New research reveals new information about sickness behaviors.
When we’re feeling under the weather, we tend to eat, drink, and exercise less. We’re not the only ones either; while fighting an infection, the majority of animals lower the same three behaviors.
Recent research has identified the cluster of neurons that drive these responses, known as sickness behaviors. Researchers discovered that a particular population of cells in the brainstem can cause three telltale sickness behaviors in mice by triggering immune responses. Furthermore, inhibiting these neurons dampens each of these behavioral aspects of the sickness response. The results, published in Nature, establish a direct relationship between inflammation and neural pathways that regulate behavior, providing insight into how the immune system interacts with the brain.
“We are still in the early days of trying to understand the brain’s role in infection,” says Jeffrey M. Friedman, Marilyn M. Simpson Professor at The Rockefeller University. “But with these results, we now have a unique opportunity to ask: What does your brain look like when you’re sick?”
Sickness behaviors have been proven to be crucial in an animal’s recovery from an infection. Prior research has backed that idea by revealing that forcing sick animals to eat increases mortality dramatically.
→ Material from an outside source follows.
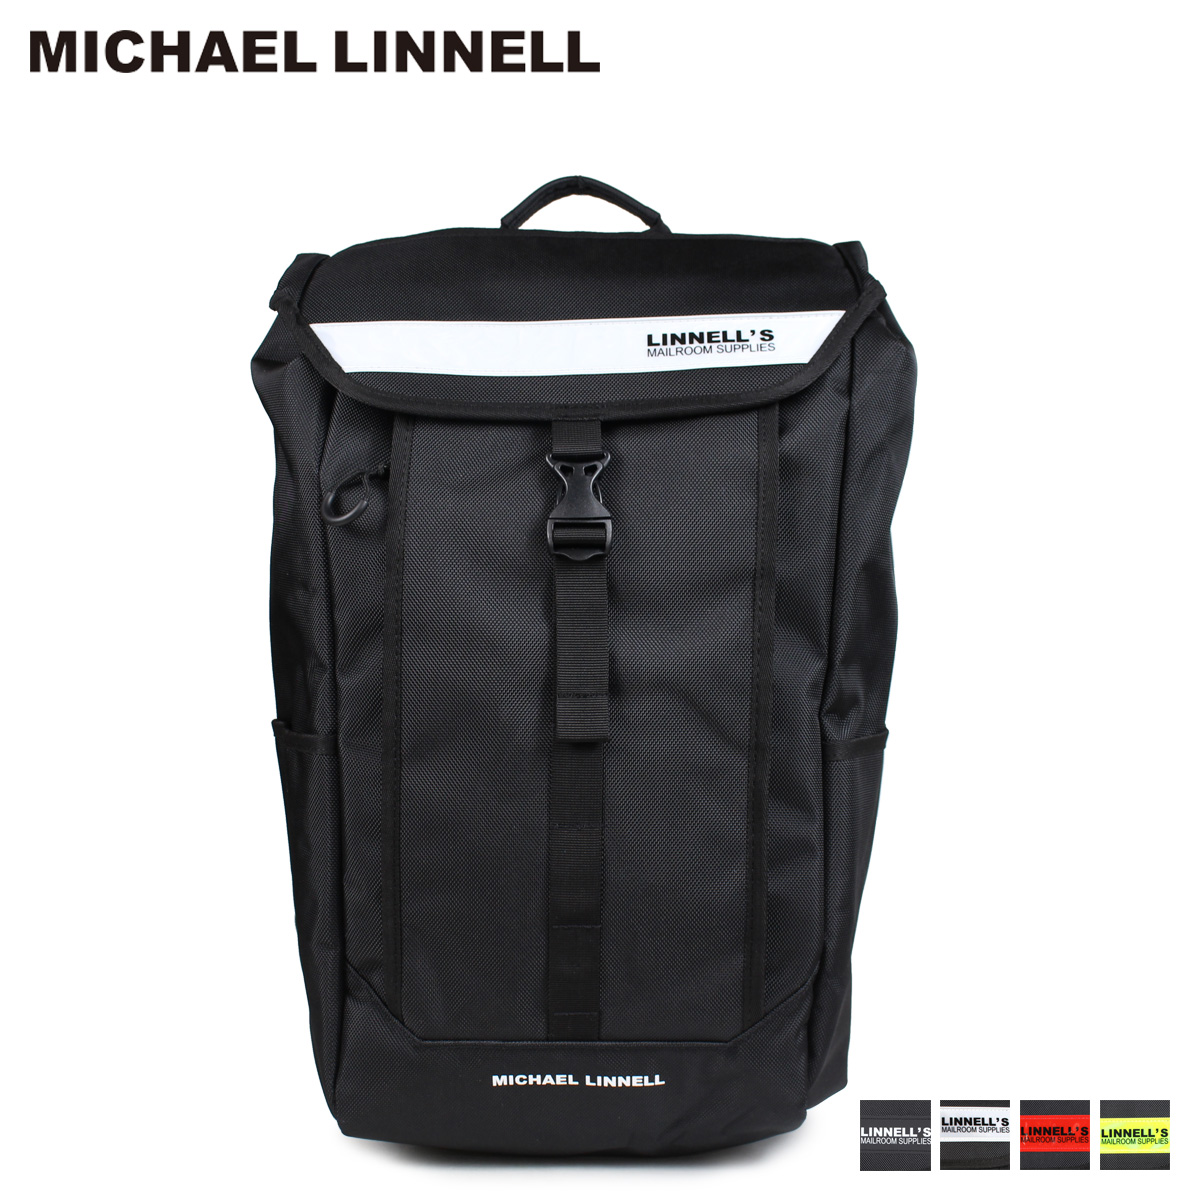 MICHAEL LINNELL BOX BACKPACK マイケルリンネル リュック バッグ 28L メンズ レディース バックパック ML-025 [予約商品 4/4頃入荷予定 追加入荷]

“These behavioral changes during infection are really important for survival,” says lead author Anoj Ilanges, a former graduate student in Friedman’s lab, now a group leader at the HHMI Janelia Research Campus.
However, it has never been understood how the brain coordinates the almost universal urge to reject food and cuddle up beneath the covers with the onset of infection. As a result, Friedman and Ilanges set out to map the brain areas responsible for sickness behaviors in mice.
The team began by exposing mice to LPS, a piece of bacterial cell wall that activates the immune system and potently induces sickness behavior. Shortly after an injection of LPS, there was a spike in activity in a brainstem region known as the dorsal vagal complex, among a population of neurons expressing the neuropeptide ADCYAP1. To confirm that they had found the right brain cells, the researchers then activated those neurons in healthy mice and they found that the animals ate, drank, and moved around less. In contrast, when the ADCYAP1 neurons were deactivated, the effect of LPS on these behaviors was significantly reduced.
“We didn’t know if the same or different neurons regulated each of these behaviors,” Friedman says, “We found it surprising that a single neuronal population appears to regulate each of these components of the sickness response.”
The authors were not, however, altogether surprised that this brainstem region was involved in mediating sickness behaviors. The dorsal vagal complex is one of a precious few physiological crossroads of the central nervous system, where an absence of the blood-brain barrier enables circulating factors in the blood to pass information directly to the brain. “This region has emerged as a kind of alert center for the brain, conveying information about aversive or noxious substances that, more often than not, reduce food intake,” Friedman says.
In the coming months, Friedman’s team at Rockefeller intends to incorporate these findings into their overall goal of understanding the physiological signals and neural circuitry that regulate feeding behavior. They are specifically interested in understanding why even mice engineered to eat voraciously will nonetheless stop eating when exposed to bacterial infections.
Meanwhile, Ilanges plans to investigate what role other brain regions play in response to infections, expanding our knowledge of the brain’s role during this critical process. “We looked at one region of the brain, but there are many others that become activated with the immune response,” he says. “This opens the door to asking what the brain is doing, holistically, during infection.”
Reference: “Brainstem ADCYAP1+ neurons control multiple aspects of sickness behaviour” by Anoj Ilanges, Rani Shiao, Jordan Shaked, Ji-Dung Luo, Xiaofei Yu, and Jeffrey M. Friedman, 7 September 2022, Nature.